Soviet leaders used to promise their people that one day they would live under true Communism. Under our hybrid system, many Americans already live under Communism. And the rest of the country pays for it. As the number of people living under Communism grows and the number of people subsidizing Communism shrinks, the fiscal cliffs begin coming in faster than Wile E. Coyote on jet-powered rocket skates.
Our class warfare is not determined by paycheck size. The United States has only two classes. The working class and the government class.
The working class extends through the lower class, the middle class and the upper class, and everyone of every income level who derives their income from gainful employment. The government class similarly extends from the poor to the middle class to the rich, and consists of those whose chief source of income is the government; whether it’s welfare checks, government jobs or crony capitalism.
Not everyone in the working class is a saint and not everyone in the government class is a parasite. There are plenty of corporations who care only about short term profit and create social problems that the rest of the country has to live with.

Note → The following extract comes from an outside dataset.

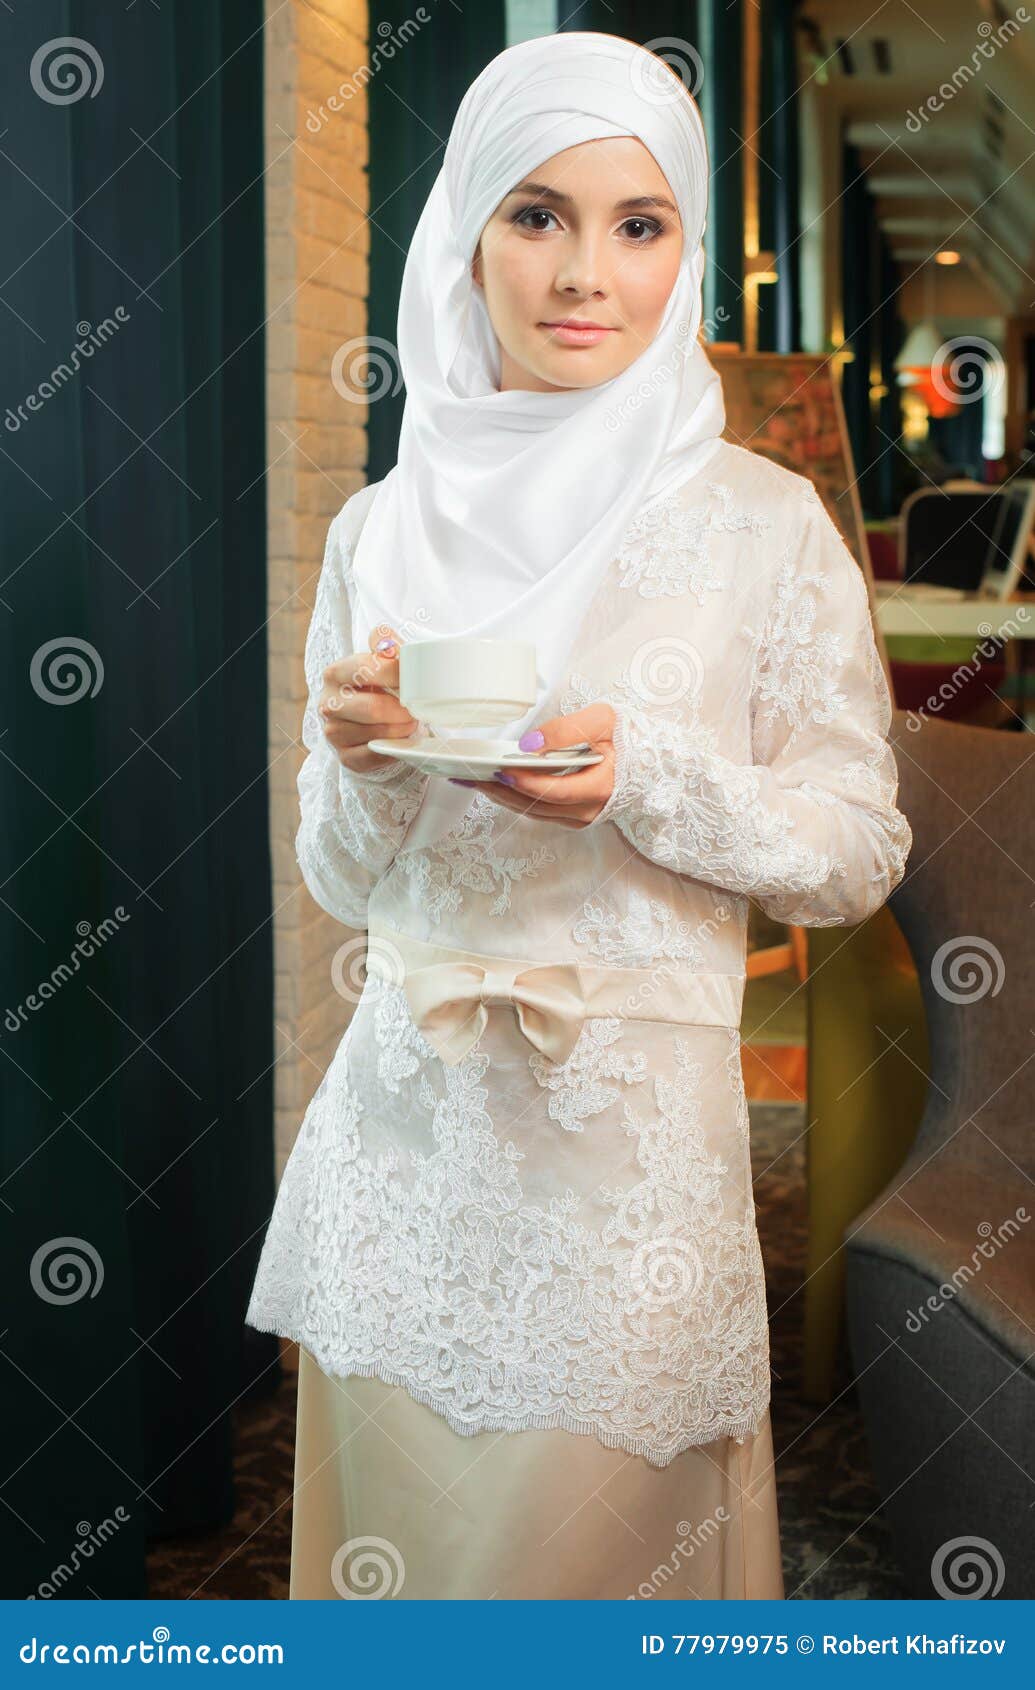 Vestiti Da Sposa Hotel Oriente.Donna Musulmana In Un Vestito Da Sposa Bianco Con Una Tazza Di Te

Immigration is a classic example. And there are also plenty of government employees who perform vital and even heroic functions. Your local firefighter and member of the armed services are obvious examples.
The government class is dependent on the working class, deriving its income from their income. The government class turns from the symbiotic to the parasitic to the extent that its demands on the working class become unsustainable and exploitative, that its functions grow bloated, its spending programs reek of corruption and its government contracts emerge out of backdoor deals with friendly politicians.
The government class can never be productive, because it is not a creative force, it only provides secondary non-innovative services to the working class, but it is legitimate to the extent that it performs vital functions on behalf of the working class with their consent and in an economically sustainable fashion. When it violates these principles, then it becomes a parasite sucking the life out of the working class.
It is not just the government employee who is a member of the government class. The welfare class is a subgroup of the government class. And the welfare class is not only parasitic, it is the axis around which an entire parasitic constellation of the government class revolves around.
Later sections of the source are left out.